The prolonged service time at non-dedicated servers has been observed in [1]. Motivated by such real problems, we propose a stylized model which characterizes the feature of the prolonged service time at non-dedicated servers in an asymmetric system. We study the independent system, the full flexibility system and the partial flexibility system when the occupation rate of the system, the degree of the prolonged service time and the degree of the asymmetry are allowed to change. We show that under certain circumstances, the partial flexibility scheme outperforms the full flexibility system and the independent system in such a model. Our results also provide instructions on how to introduce flexibility when the service time at non-dedicated servers is prolonged in an asymmetric system.

keywords:

Flexibility , prolonged service time , asymmetric system

1 Introduction

Empirical studies indicate that the hidden (negative) consequences exist when the customer is served at the non-dedicated server. For instance, when the patients are assigned from a ward whose designated beds are fully occupied to an available bed in a unit designated for a different service, it has been shown in [1] that this “off-service placement” is associated with a substantial increase in remaining hospital length of stay, i.e., a prolonged service time. This arouses the question that whether we should introduce flexibility into the system and which level of flexibility is preferred.

Deciding on the right level of flexibility is a classic operations management problem: should different types of customers be processed or served with dedicated or flexible capacity? Substantial progress has been made in understanding the flexibility over the last $30$ years. One important insight is that the choice between dedication and flexibility is not an “all-or-nothing” proposition.
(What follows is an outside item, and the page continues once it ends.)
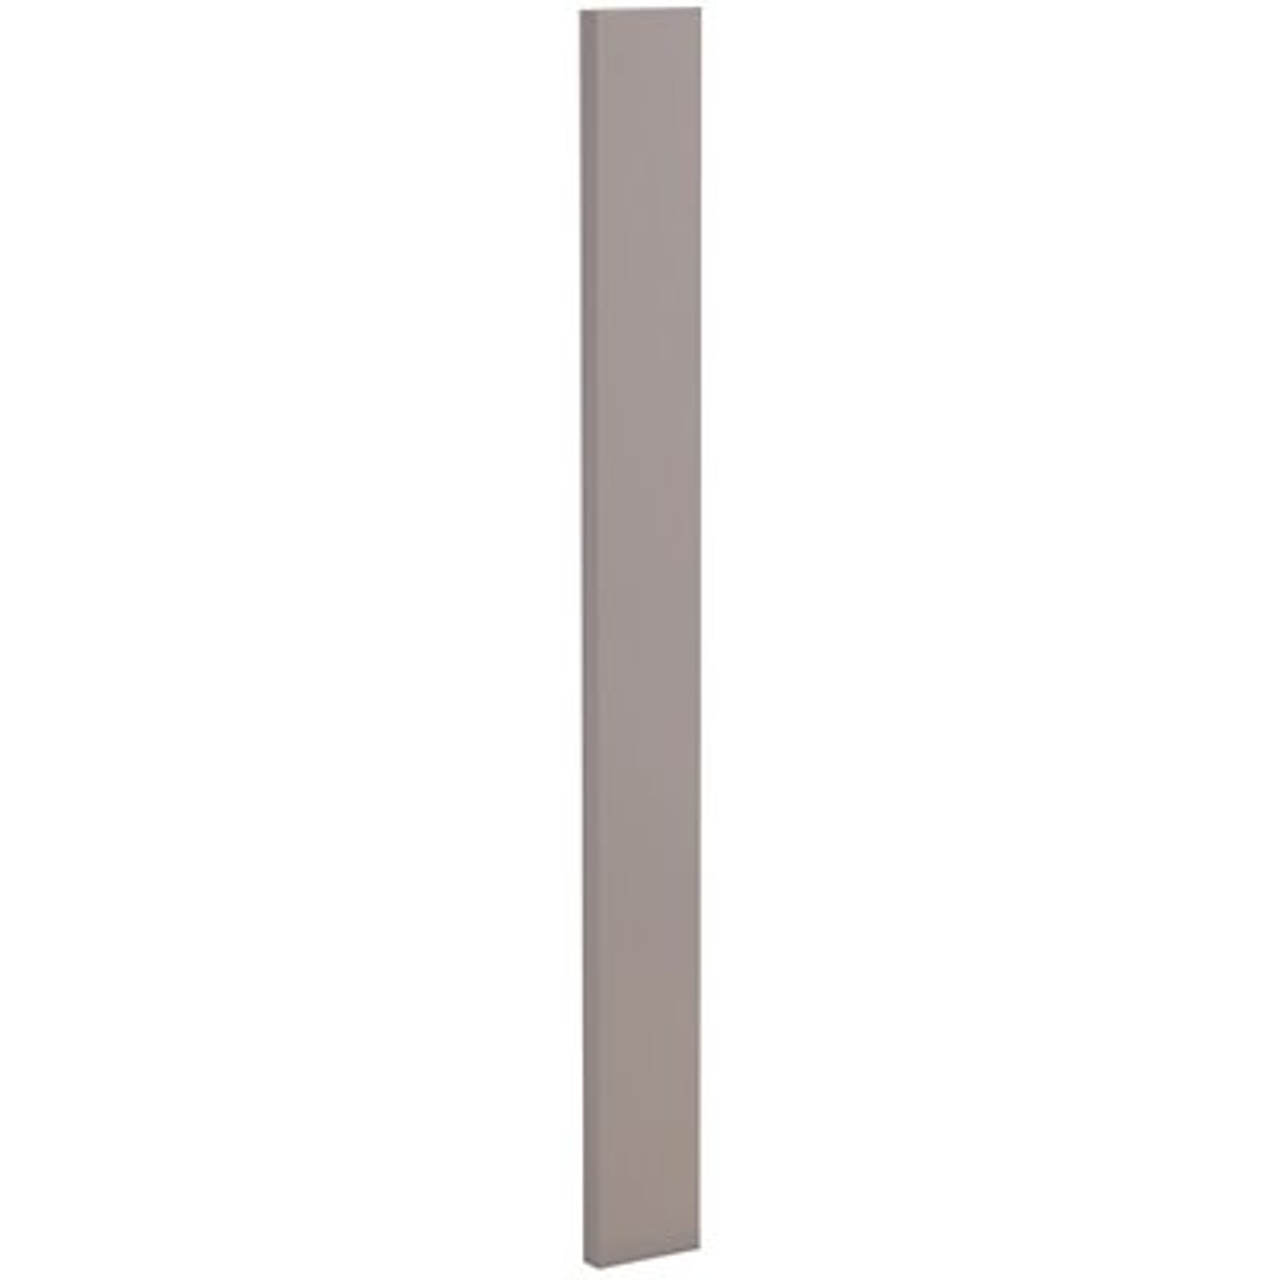 Arlington Veiled Gray Shaker Assembled Plywood 3 In. X 84 In. X 0.75 In. Kitchen Cabinet Filler Strip

The most celebrated chaining structure ([2]) which is categorized as a partial flexibility scheme is proved to work surprisingly well in a symmetric system in the sense that the performance of such a system is almost as good as that of a full flexibility system which usually involves enormous implementation cost ([3]).

The heterogeneity in service times makes it difficult to compare different levels of flexibility. The variability in service times would lead to deterioration of the system performance in a flexible system instead of improving it; it has been shown in [4, 5] that the dedicated system works better when the service variability is large. Moreover, the asymmetric system, i.e., the arriving rates are different, is also often encountered in practical situations. Unfortunately, the reviewing papers [6, 7] show that majority of the existing flexibility literature focus on the symmetric systems in which all arriving rates and service rates are identical. The incorporation of the two practical features (prolonged service time at the non-dedicated servers, the asymmetric system) would distinguish our research from the existing literature. Moreover, these practical features call for new comparison of different levels of flexibility.

In this paper, we rely on a stylized loss model with $2$ servers and $2$ types of customers. Although this is rarely the case in the real world, as [2] argues, understanding simple systems can provide insights into very realistic scenarios. Moreover, to keep the first attempt of this problem tractable is also compelling.

Our main contribution in this paper is to compare different levels of flexibility in a system incorporating the two practical features (prolonged service time at the non-dedicated servers, the asymmetric system), which has not been considered in previous studies. Our analysis reveals that in such a stochastic system, the partial flexibility could ever outperform the full flexibility. In particular, the partial flexibility is preferred when the asymmetry is obvious and the service times at the non-dedicated servers are prolonged with certain degree. Moreover, we show that when the system gets busier, working independently is the optimal choice. These findings indicate that the decision makers should be more cautious in deciding how to introduce flexibility into a service system while the system is asymmetric and the service time at the non-dedicated server is prolonged.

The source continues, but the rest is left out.